INSIGNIA

La patrulla pasaba cuatro veces al día en su recorrido paralelo a la costa, de norte a sur y de regreso. Mañana y tarde volaba a la misma hora, a la misma altura, y quizá a la misma velocidad, por el murmullo firme, invariable, de sus motores.
En el corredor de su casa, con el abdomen apoyado contra el barandal de madera, Adolfo levantó la cabeza y luego una mano a la altura de la frente. Un costado del fuselaje resplandecía bajo el sol. Las hélices, casi incorpóreas, chisrtaban al batir la luz de la una de la tarde. El resto de la nave —los flotadores, las alas, el fondo del fuselaje descendiendo en ángulo obtuso para formar la quilla— aparecía más oscuro, plo­mizo en contraste con las partes bañadas por el sol. Hasta creyó distinguir la silueta de una ca­beza a través de la ventanilla de la cabina cuando la nave, contra su costumbre, inclinó las alas. El destello único, elíptico, más hiriente en el centro que en los bordes difusos, le nubló la vista y su mano cayó sobre los párpados y la punta de la nariz. Los ojos se le llenaron de viborillas rojas, verdes, azules y negras, revolviéndose y cosqui­lleándole el interior de los párpados. Cuando volvió a levantar la cabeza la nave descendía al mismo tiempo que viraba hacia el oeste.

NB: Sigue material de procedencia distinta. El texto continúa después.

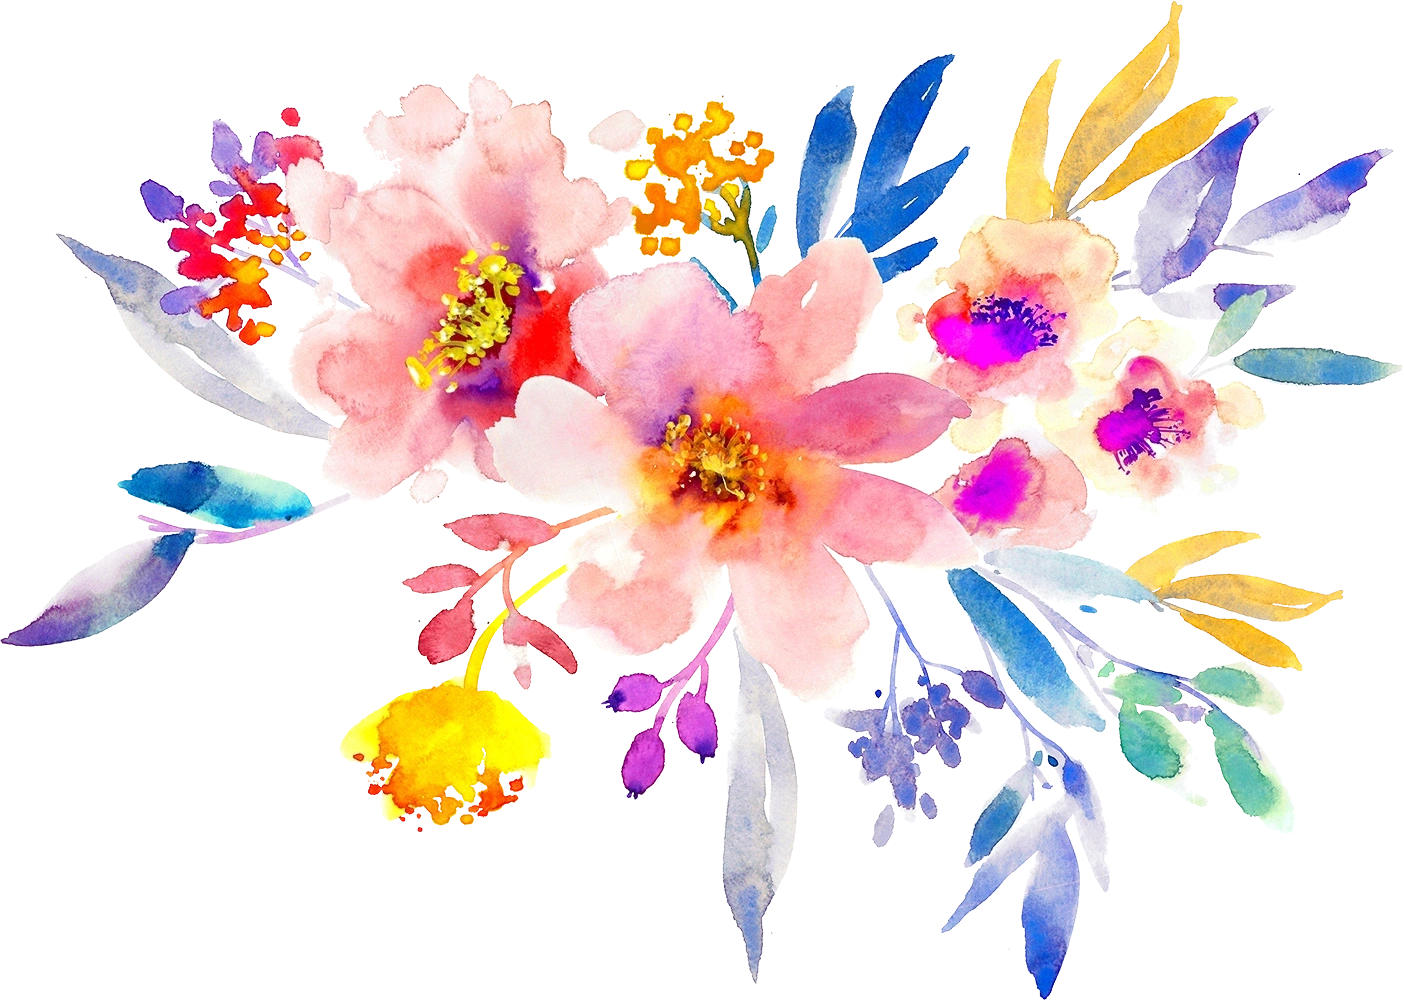 Perfect Watercolor Flowers (Digital Download)

—¿Va a aterrizar? —preguntó la hermana desde algún punto del corredor, y por el ruido de sus zapatos supo que la niña saltaba.
—No, niña; no puede aterrizar. Los hidro­aviones acuatizan —y los dos corrieron hacia el fondo de la casa, atropellándose por ganar la de­lantera. Corrió como un niño y no como el ado­lescente ensimismado y quieto que era, olvidado por un momento de su edad sensorialmente in­trovertida; más que introvertida lánguida; so­berbia más que lánguida, y aún más que soberbia desconcertada—.
Se acodaron en una de las ventanas poste­riores de la casa, con la bahía azogada ante ellos, extendida y sin inmutarse por el inminente su­ceso. La madre llegó a pararse detrás de ellos; cruzó los brazos y aunque incapaz de concebir milagros o desastres, esperó en actitud de ídolo sudoroso. Adolfo esperaba el desastre: una hé­lice paralizada, una ala rota, el humo envolviendo la cola del aparato mientras se precipitaba con­tra el agua con fatalidad y violencia ¿Con qué otro motivo habría de acuatizar allí, donde ni los patos se dignaban acuatizar?
Aquello era parte de una guerra que hasta entonces había sido ajena, remota, vivida únicamente en los noticieros cinematográficos. Las bases navales, sí, establecidas en algún lugar de la costa para proteger al país. Y Adolfo tenía un profesor que execraba la protección, pero todo era tan lejano. Sólo ahora estaba por producirse ante sus ojos el estallido, y le comunicaba su temblor al alféizar de madera.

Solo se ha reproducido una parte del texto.